We were going to be in Berlin for the first week of October, which meant we needed a weekly ticket after September. I persuaded Jack for us to go back to Alexanderplatz to buy the weekly ticket at our leisure, and then when the first of October rolled around, we could stamp it in the machine, to show when we started using it.

On October 1, we went to the subway station for our daily field trip and I remembered that we had to stamp the ticket. We got on the train, enjoying the sights, when we were aware that there were subway police checking tickets. The woman checking our tickets, I swear, was disappointed that we had it stamped correctly! I guess we just looked like dumb tourists who did not know the ropes.

The two sets of subways are very efficient and always on time and, during the week, coming every few minutes. On Sundays the trains do not run as often. One Sunday we noticed all kinds of subway police, with German shepherd dogs. They were riding the rails that day because one of the German soccer teams was playing and all the fans were riding subway out to the olympic stadium.

Once we understood the signs - and the long German street signs end mostly in "strasse" so you just read the first part of the sign - we were able to navigate everywhere we wanted to go. The stations themselves are huge - in Paris everyone just gets off the train and goes out or goes to the connecting train - but here the stations are very long and there are shops to buy snacks and papers and postcards or to eat lunch or buy magazines. The stations that connect the U and the S are huge, and we had to be careful to follow the signs to go up or down or around. We had to know where we were going before we read the signs so we knew what to look for. One time we got on the wrong train because I did not know the name of the destination. By the time I pulled out my subway map and studied it, we were at the next station so we hopped off and tried again.

The next big step in learning how to get around Berlin was to figure out where we wanted to go and then figure how to get there. We had museums, places of interest and neigborhoods on our list of required visiting, so the first thing to do was to get a detailed map which had the U stations superimposed to make our journeys easier. We soon learned that it would be necessary to walk a long way once we arrived at the appropriate subway destination. There is just a lot of walking in Berlin, no matter how good the public transportation is. We really were not prepared for how long the blocks were, but I think we got used to them and accepted the walks as good exercise.
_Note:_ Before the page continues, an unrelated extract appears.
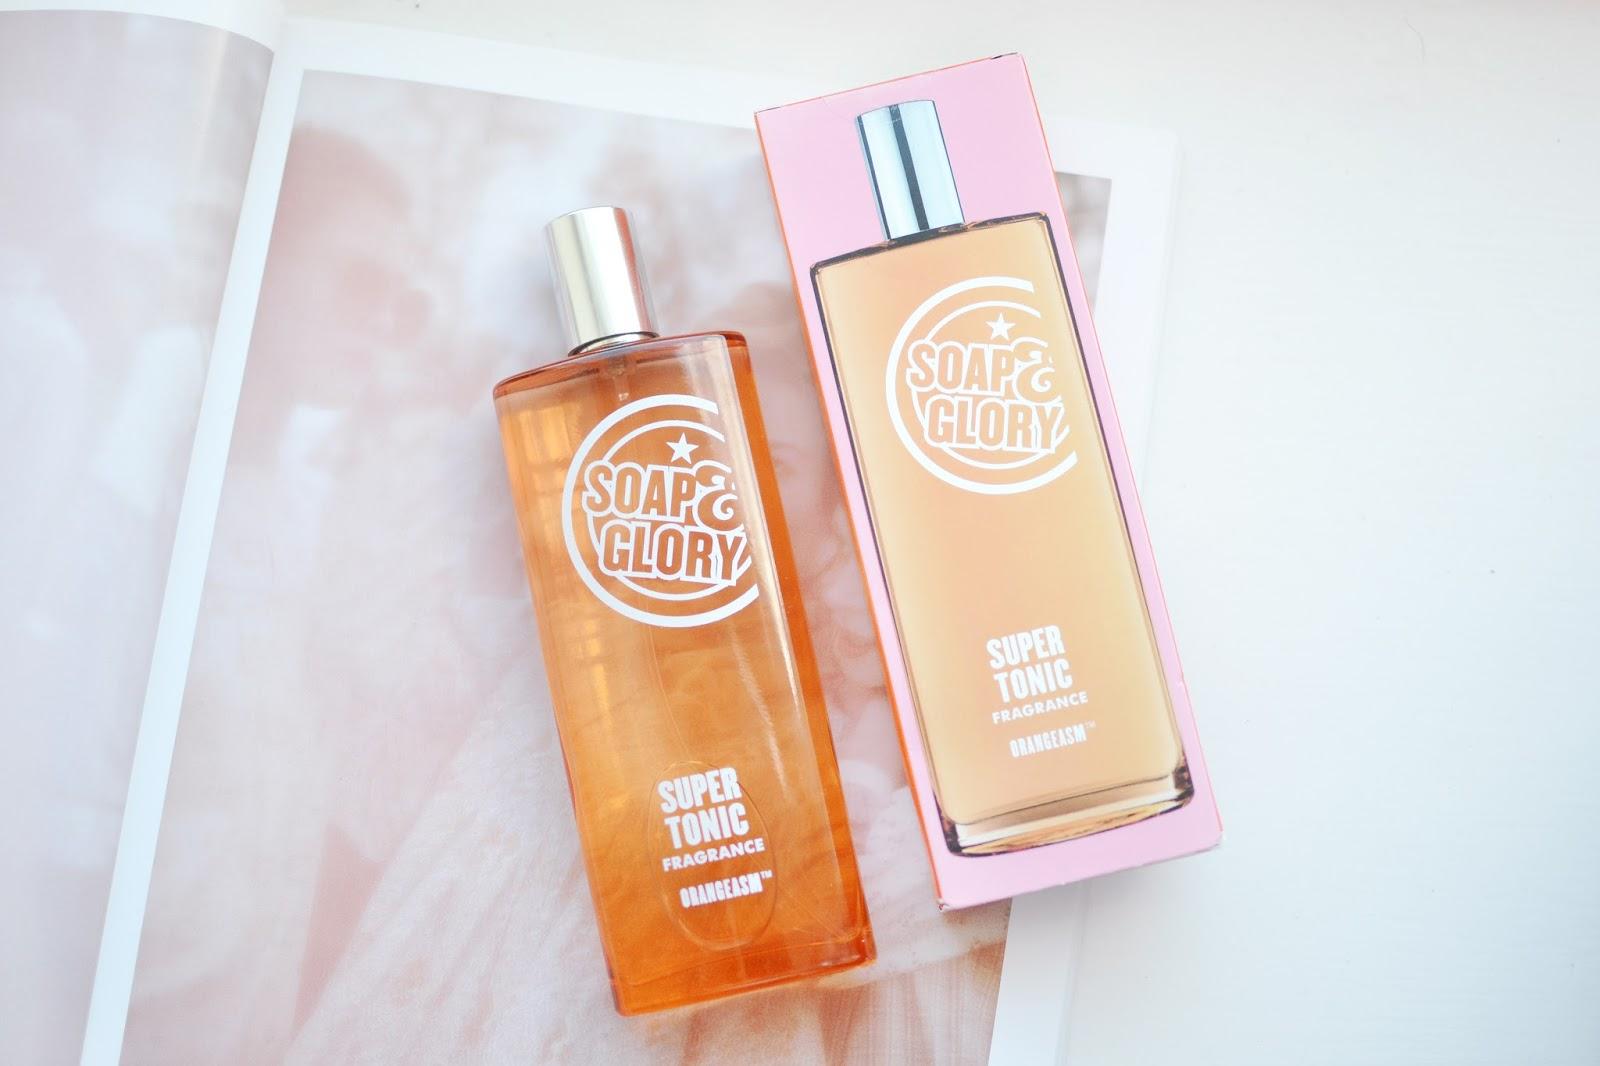 Soap&Glory ORANGEASM super tonic fragrance review
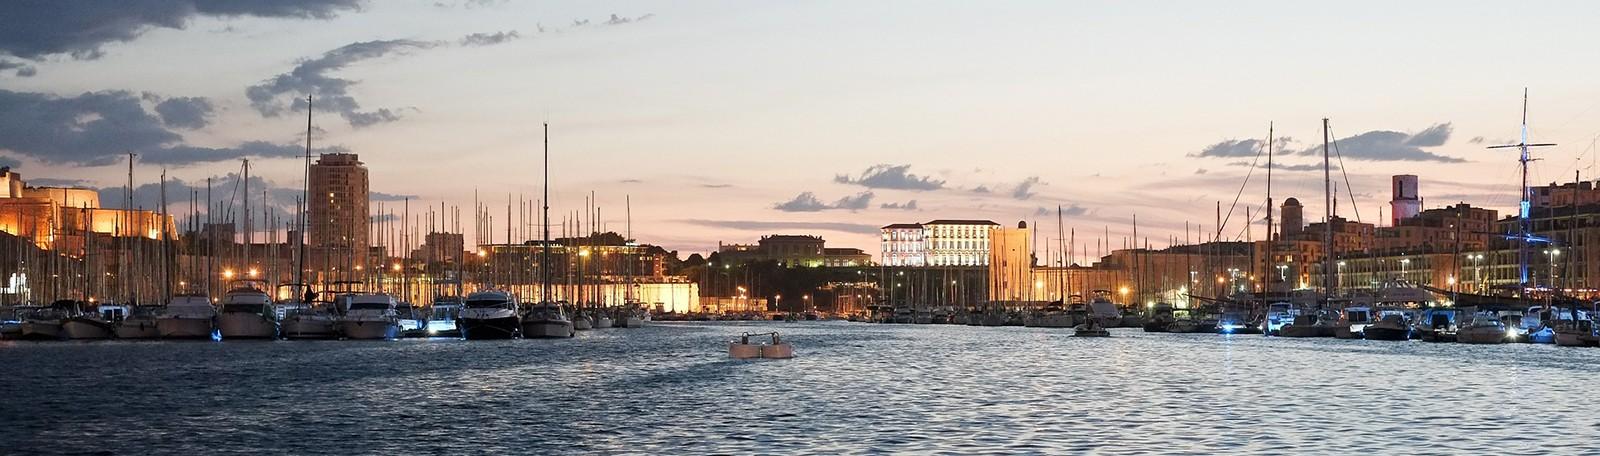 Q-Park Espercieux - Rue des Docks 13002 Marseille

The U2 was our primary U bahn that we rode during our two week stay at our first hotel. This hotel was more or less in the middle of the city, so it was connected to most of the tourist sights that we were interested in. It was a horizontal, east/west line, and the S line looped around the city and then headed out to the suberbs. When we stayed in the eastern part of the city, we had a more complicated route to get around, since the U5 ended at Alexanderplatz, so we had to transfer to the U2 or the S. Traveling around Berlin is just long and complicated because it is such a huge city. Now I need to talk about what we saw - unbelievable history in the city and they are still working on construction projects all over the city to build it up to its former glory.

Monday, September 27, 2010

Berlin Part 1 a short history

August 30 came and it was time to visit Berlin. I have wanted to see this city for many years, since the Wall was torn down. I really did not know what to expect, except a lot of new buildings where the old ones had existed. I wondered how the eastern part of the city would be like twenty years after the Soviets had disappeared. There were so many things to learn about the city and I was ready.

I have tried to organize the topics of this city: the geography, the subway systems, the places of interest, the museums, the Nazi history, the Soviet history, the neigborhoods, the shopping, the restaurants and bars, the music, the new buildings, and the people. Those are 12 topics that I would have to hit upon to give anyone a feel for the city. Was I up to it??? I wasn't sure. But here goes.

Berlin has been the center of German history for about four hundred years. Bismark was from these parts, and when Germany actually became a country, the city of Berlin was chosen to be its capital. Along with the political business of the city came the social activity; as a result wonderful hotels and restaurants and museums and concert halls thrived here.

The German government directed the WWI activities from here, and Berlin was especially hit hard when the Germans capitulated. The Weimar government tried desperately to gain control in the 1920's, but government after government failed and chaos reigned - just in time for Hitler to step in and create some kind of stability. The people of Berlin were so worn down and aching for something to work that they embraced Hitler and his ideas - until they realized that maybe his ideas were not all that great. But it was too late, and they just went along with him and kept their mouths shut.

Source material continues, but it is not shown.